0
  1. If the input data entries are around 10 raised to power of 9, do we keep the size of the hash table the same as input size or reduce the size? how to decide the table size?
  2. if we are using numbers in the range of 10 raised to power of 6 as the key, how do we hash these numbers to smaller values? I know we use the modulo operator but module with what?

Kindly explain how these two things work. Its getting quite confusing. Thanks!!

I tried to make the table size around 75% of the input data size, that you can call as X. Then I did key%(X) to get the hash code. But I am not sure if this is correct.

stoogie
  • 13
  • 2
  • Which hash table are you talking about? How does it resolve collisions? Does it use separate changing or open addressing? Are you asking about some custom implementation, or standard library implementations? Do you know what a load factor is and how rehashing works? (BTW, I would recommend adding the C++ question tag. Your question will get more attention then.) – Daniel Langr Jan 31 '23 at 09:47
  • Hi Thanks for suggesting to add c++ tag. have done that. I am talking about implementing a hash table in c++, preferably using std::list(an array of lists). You might have guessed that I want to use separate chaining. I know load factor is (n/m). n= number of elements in hash table currently. m= total size of hashtable. Not sure what is rehashing – stoogie Jan 31 '23 at 11:47
  • 1
    Typical implementations don't use a fixed number of buckets (this is likely what you call a "size", which is misleading since size is usually used for the number of table elements/records). Instead, the bucket array can grow when the load factor exceeds some threshold. This is called rehashing. Anyway, as far as I understand, in your implementation, the number of buckets is fixed? – Daniel Langr Jan 31 '23 at 11:54
  • If I talk about the specific problem at hand. I would no its not fixed. Theres scope for increasing size – stoogie Jan 31 '23 at 11:57

2 Answers2

0

If the input data entries are around 10 raised to power of 9, do we keep the size of the hash table the same as input size or reduce the size? how to decide the table size?

The ratio of the number of elements stored to the number of buckets in the hash table is known as the load factor. In a separate chaining implementation, I'd suggest doing what std::unordered_set et al do and keeping it roughly in the range 0.5 to 1.0. So, for 10^9 elements have 10^9 to 2x10^9 buckets. Luckily, with separate chaining nothing awful happens if you go a bit outside this range (lower load factors just waste some memory on extra unused buckets, and higher load factors lead to increased collisions, longer lists and search times, but at load factors under 5 or 10 with an ok hash function the slow down will be roughly linear on average (so 5 or 10x slower than at load factor 1).

One important decision you should make is whether to pick a number around this magnitude that is a power of two, or a prime number. Explaining the implications is tedious, and anyway - which will work best for you is best determined by trying both and measuring the performance (if you really have to care about smallish differences in performance; if not - a prime number is the safer bet).
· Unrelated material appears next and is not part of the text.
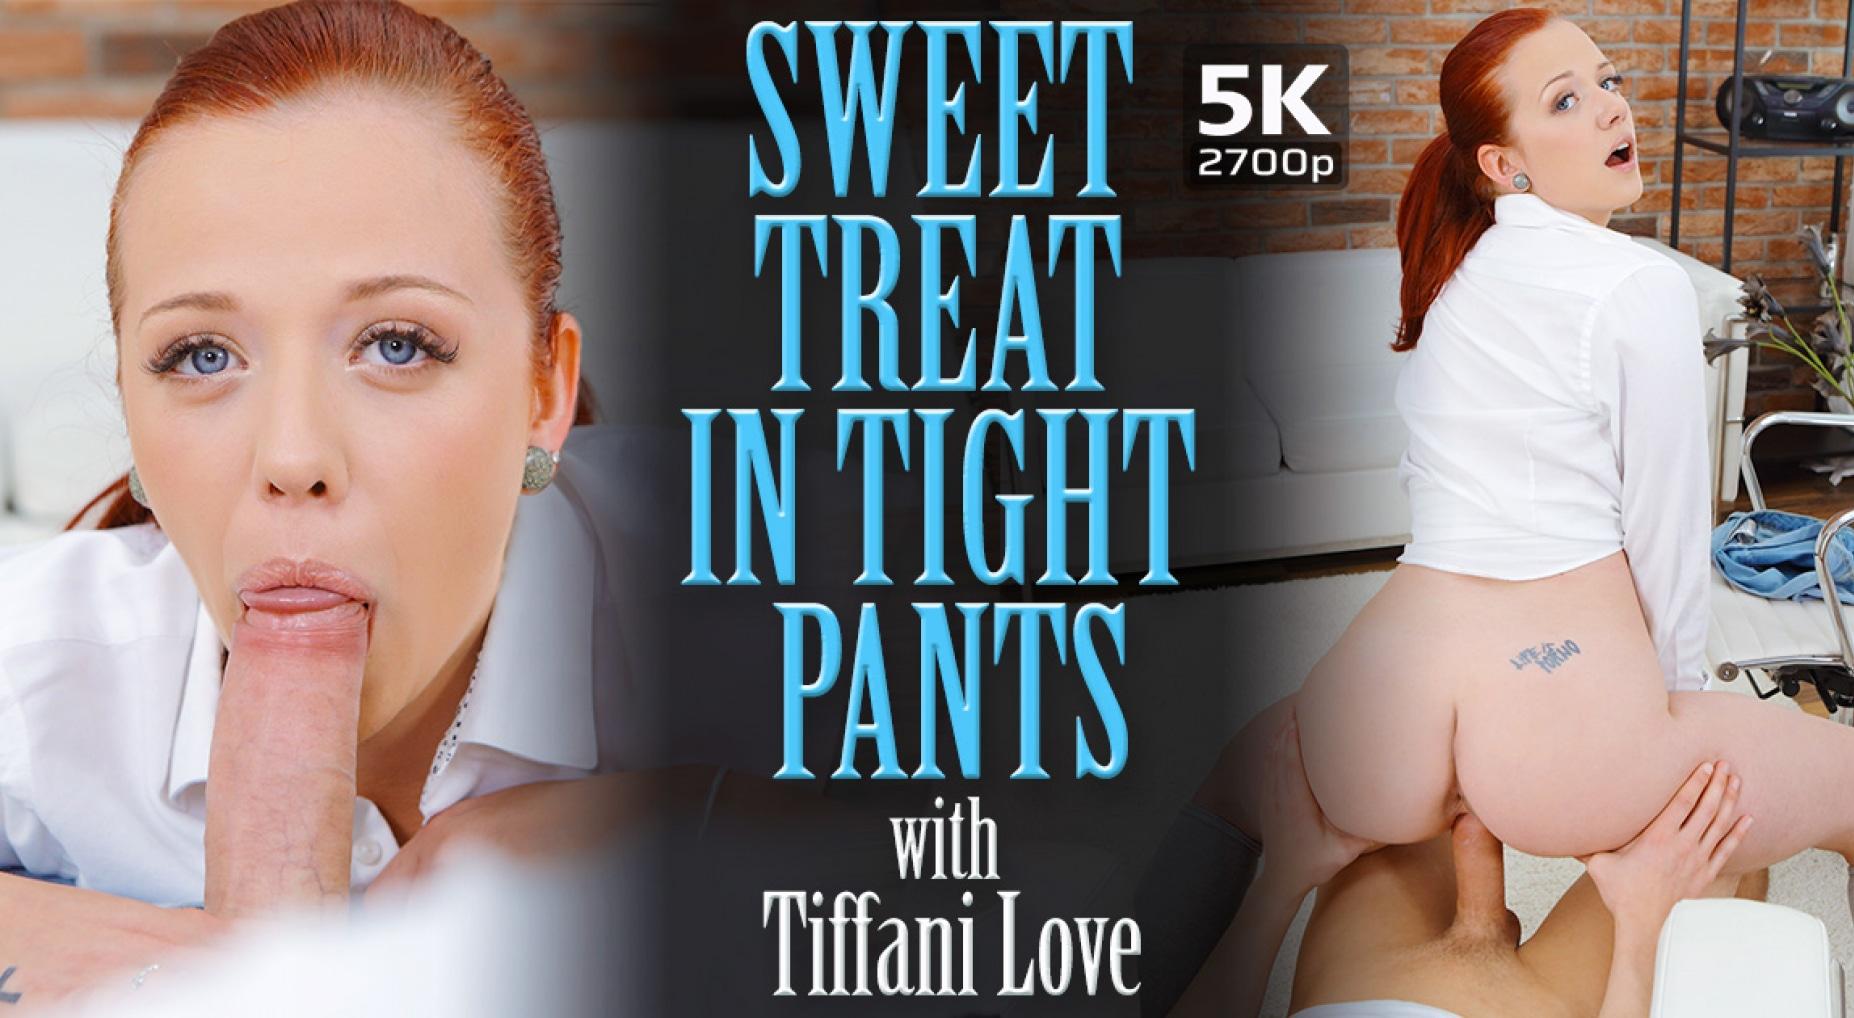 Sweet Treat In Tight Pants - Fair Skinned Redhead

if we are using numbers in the range of 10 raised to power of 6 as the key, how do we hash these numbers to smaller values? I know we use the modulo operator but module with what?
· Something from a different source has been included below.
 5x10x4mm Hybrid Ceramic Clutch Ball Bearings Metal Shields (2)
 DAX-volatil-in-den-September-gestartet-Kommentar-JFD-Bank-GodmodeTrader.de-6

Are these keys unsigned integers? In general, you can't have only 10^6 potential keys and end up with 10^9 hash table entries, as hash tables don't normally store duplicates (std::unordered_multiset/multi_map can, but it'll be easier for you to model that kind of thing as being a hash table from distinct keys to a container or values). More generally, it's best to separate the act of hashing (which usually is expected to generate a size_t result), from the "folding" of the hash value over the number of buckets in the hash table. That folding can be done using % in the general case, or by bitwise-ANDing with a bitmask for power-of-two bucket counts (e.g. for 256 buckets, & 255 is the same as % 256, but may execute faster on the CPU when those 255/256 values aren't known at compile time).

I tried to make the table size around 75% of the input data size, that you can call as X.
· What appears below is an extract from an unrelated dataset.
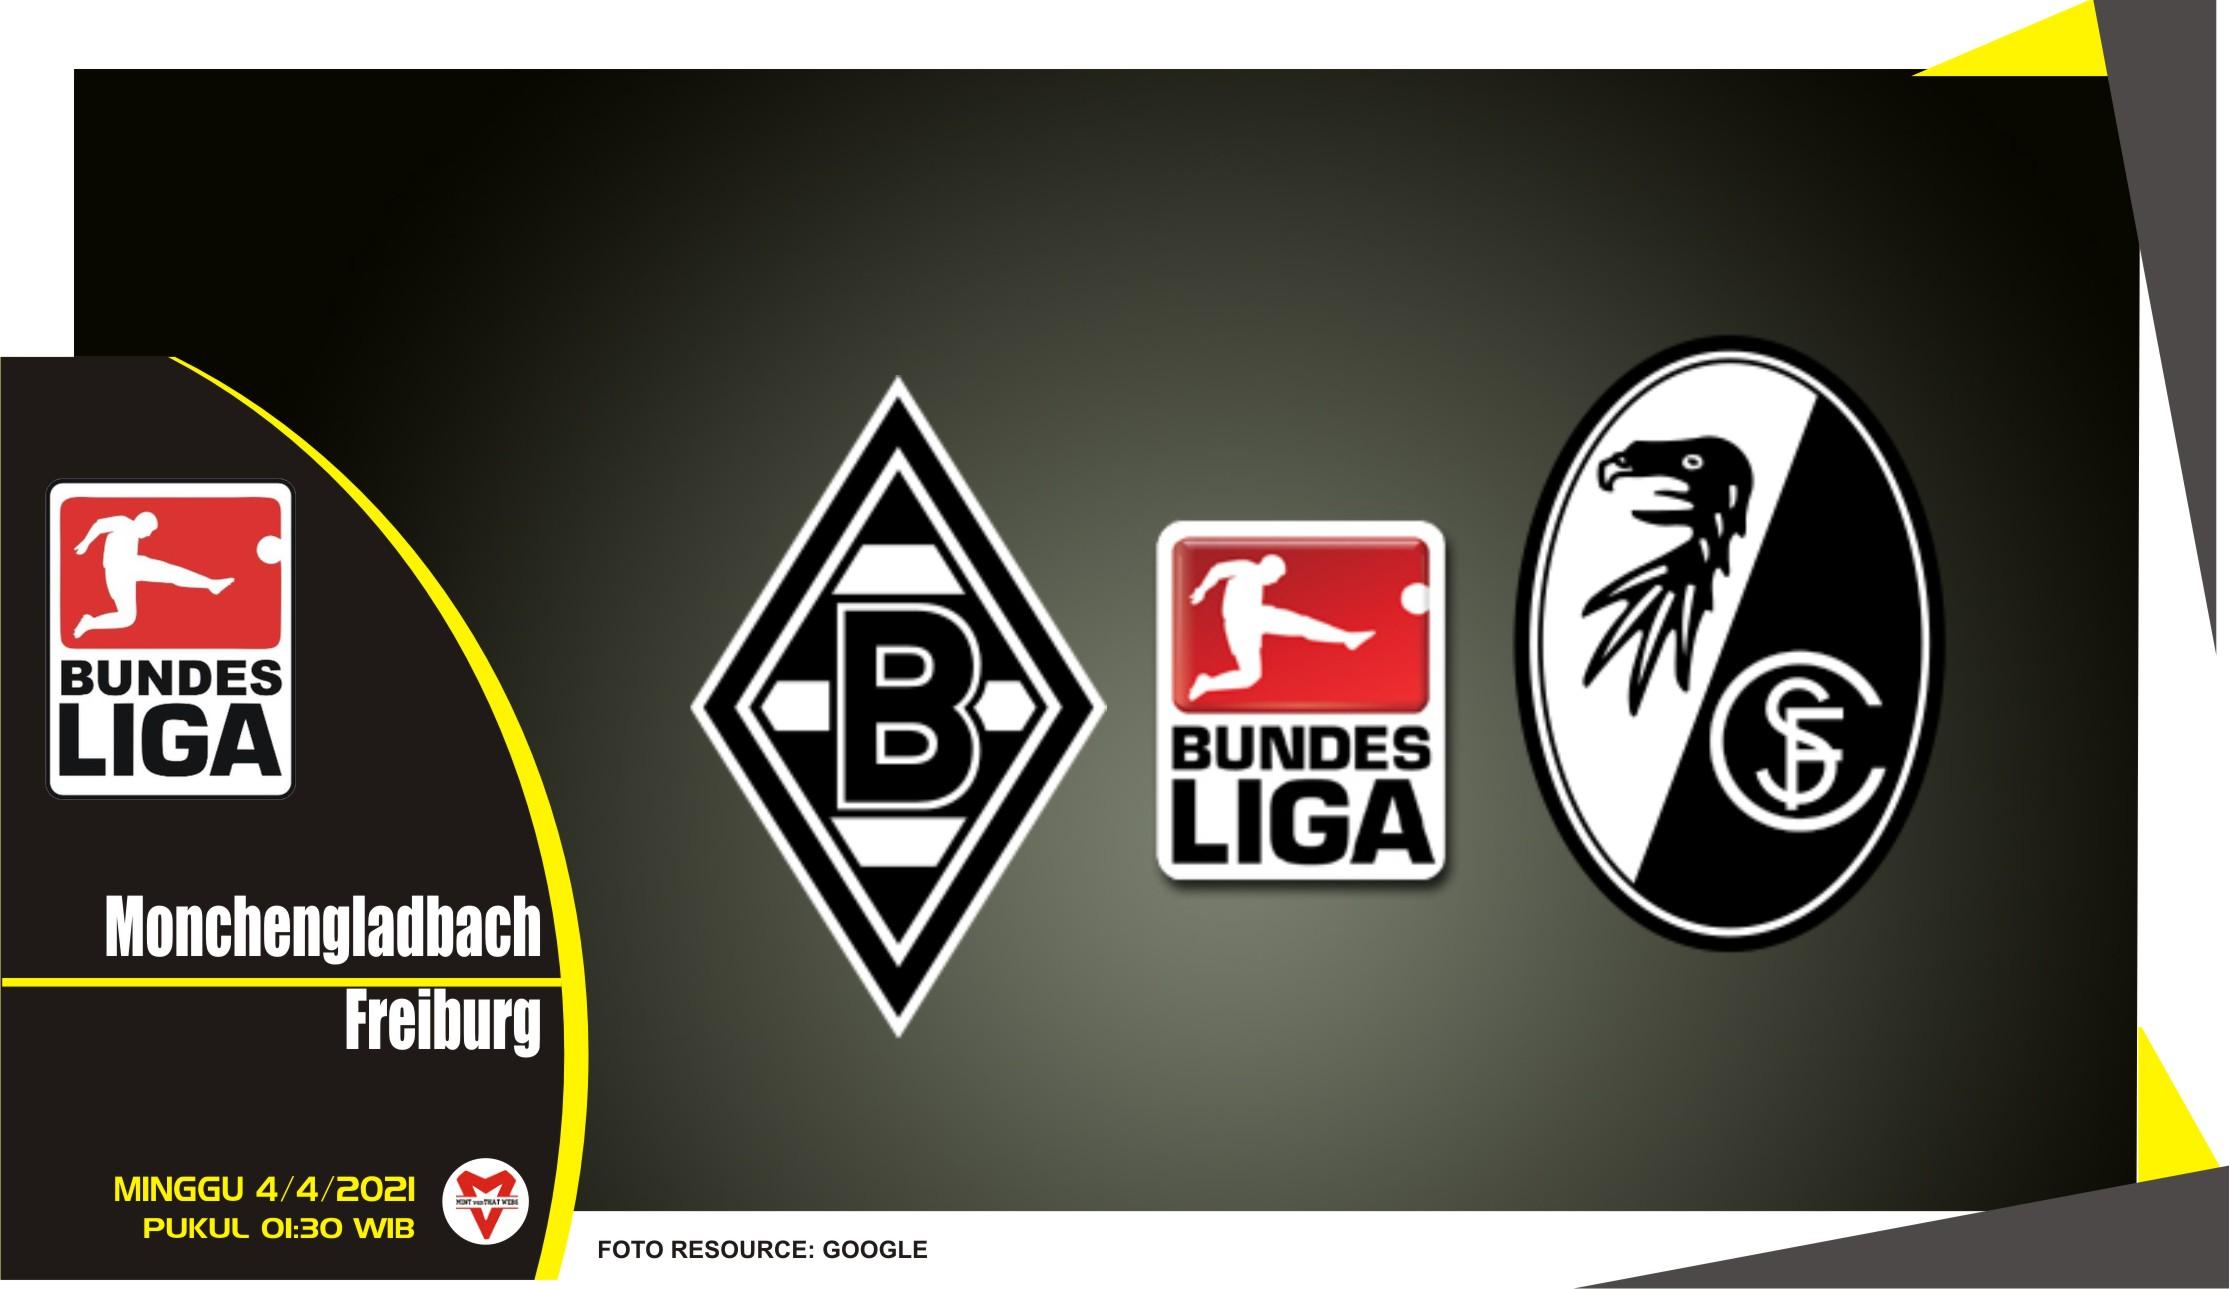 Prediksi Liga Jerman: Monchengladbach vs Freiburg - 4 April 2021

So that's a load factor around 1.33, which is ok.

Then I did key%(X) to get the hash code. But I am not sure if this is correct.

It ends up being the same thing, but I'd suggest thinking of that as having a hash function hash(key) = key, followed by mod-ing into the bucket count. Such a hash function is known as an identity hash function, and is the implementation used for integers by all major C++ compiler Standard Libraries, though no particular hash functions are specified in the C++ Standard. It tends to work ok, but if your integer keys are particularly prone to collisions (for example, if they were all distinct multiples of 16 and your bucket count was a power of two they'd tend to only map to every 16th bucket) then it'd be better to use a stronger hash function. There are other questions about that - e.g. What integer hash function are good that accepts an integer hash key?

Rehashing

If the number of elements may increase dramatically beyond your initial expectations at run-time, then you'll want to increase the number of buckets to keep the load factor reasonable (in the range discussed above). Implementing support for that can easily be done by first writing a hash table class that doesn't support rehashing - simply taking the number of buckets to use as a constructor argument. Then write an outer rehashing-capable hash table class with a data member of the above type, and when an insert would push the load factor too high (Standard Library containers have a max_load_factor member which defaults to 1.0), you can construct an additional inner hash table object telling the constructor a new larger bucket count to use, then iterate over the smaller hash table inserting (or - better - moving, see below) the elements to the new hash table, then swap the two hash tables so the data member ends up with the new larger content and the smaller one is destructed. By "moving" above With a little I mean simply relink linked list elements from the smaller hash table into the lists in the larger one, instead of deep copying the elements, which will be dramatically faster and use less memory momentarily while rehashing.

Tony Delroy
  • 102,968
  • 15
  • 177
  • 252
0

I don't know if this is a proper way to answer Qs on here. I wanted to post this in a comment but I lack the rep.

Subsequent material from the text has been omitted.